Damit die PsychotherapeutIn und die PatientIn frei sind, Antworten auf diese Fragen zu finden, muss sich die TherapeutIn ihrer eigenen Beziehung gegenüber Psychopharmaka bewusst sein, die ins Feld der therapeutischen Situation gebracht werden. Eine PsychotherapeutIn, die nicht reflektiert und ihre Skepsis und ihre Aversion den Medikamenten gegenüber deutlich macht, schadet ihrer PatientIn genauso wie eine ÄrztIn, die sich ausschließlich auf die psychopathologischen Symptome in komplexen Erfahrungszuständen konzentriert, vorschnell Medikamente für jedes Unwohlsein verschreibt und damit den natürlichen Fluss des psychotherapeutischen Prozess verhindert (Fain et al. 2008, in Holub 2010).
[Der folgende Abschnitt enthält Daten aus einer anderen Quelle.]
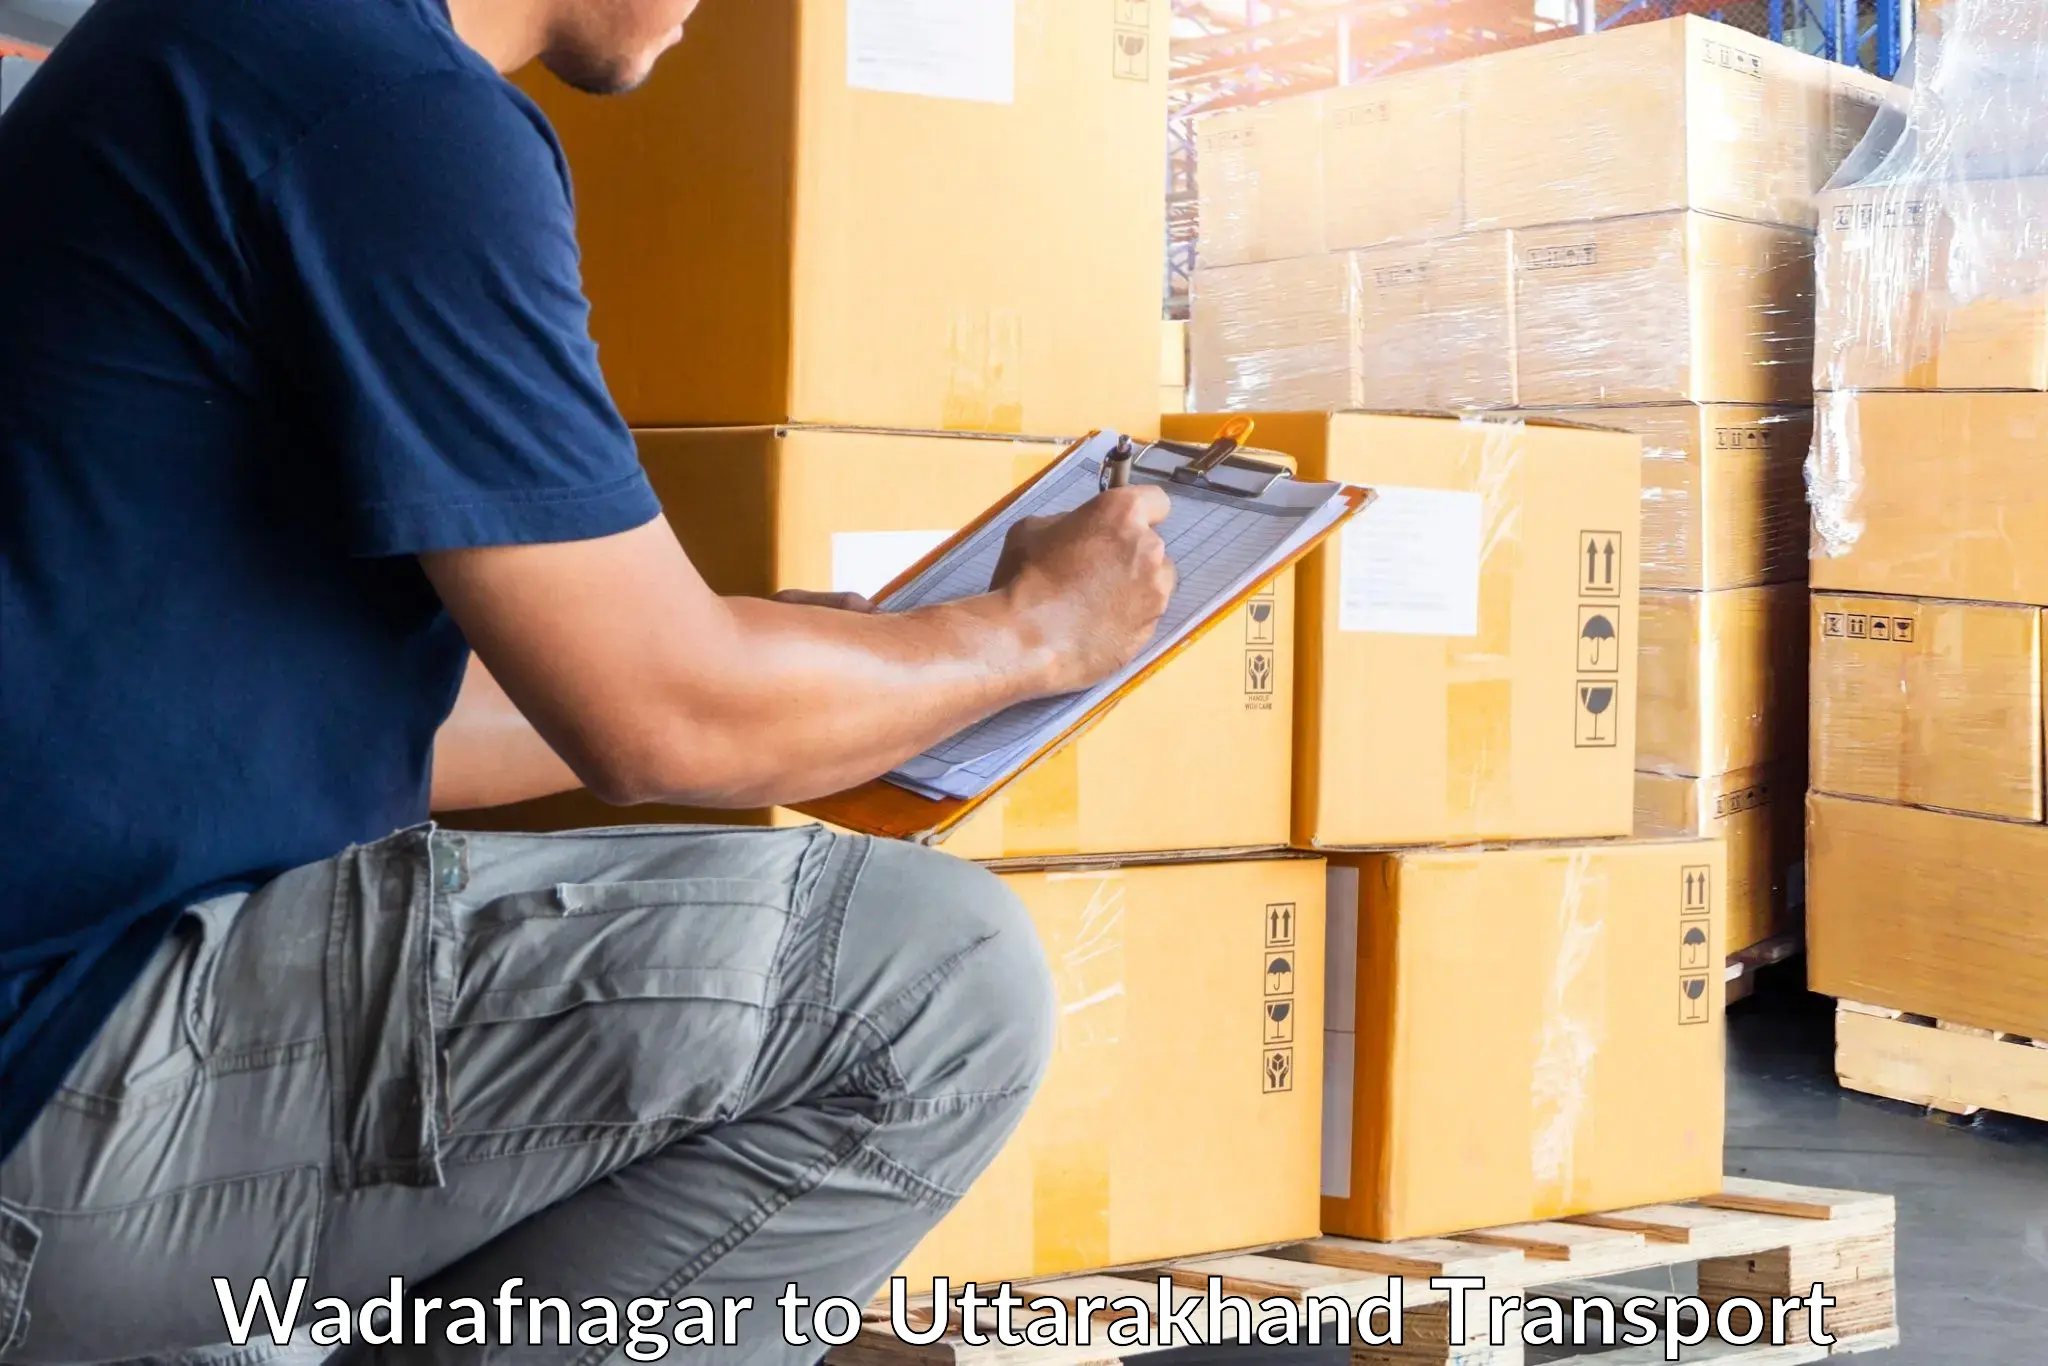 Package delivery services Wadrafnagar to Kashipur

Die Einstellung zu Psychopharmaka ist bei jeder PsychotherapeutIn individuell verschieden und sie entwickelt sich auch während ihrer Praxis, abhängig vom Arbeitskontext und der Auswahl der PatientInnen. Für eine TherapeutIn ist es wichtig, sich bewusst zu machen, welche Beziehung sie zu einem bestimmten Medikament einer PatientIn hat. Sie kann folgendes Experiment versuchen: Sie setzt das Medikament auf einen leeren Stuhl und spricht zu ihm. So kann sie z. B. sagen: »Medikament, ich bin froh, dass wir einander gut ergänzen. Dank deiner Hilfe muss ich mir weniger Sorgen um den Patienten machen.« Oder sie kann sagen: »Medikament, ich mag dich nicht, weil du meine Therapie störst. Der Patient ist abhängig von dir geworden und ich würde dich wirklich gerne aus der Therapie raus haben. Aber das kann ich nicht, weil der Patient dich will. Ich fühle mich machtlos, du machst mich wütend. Er mag dich lieber als mich. Dank dir macht der Patient Fortschritte.« Vielleicht merkt die TherapeutIn, dass sie nichts über das Medikament weiß, dass sie mehr Informationen über seine Merkmale braucht, darüber lernen muss und dann ihre Beziehung zu ihm weiter erforschen kann.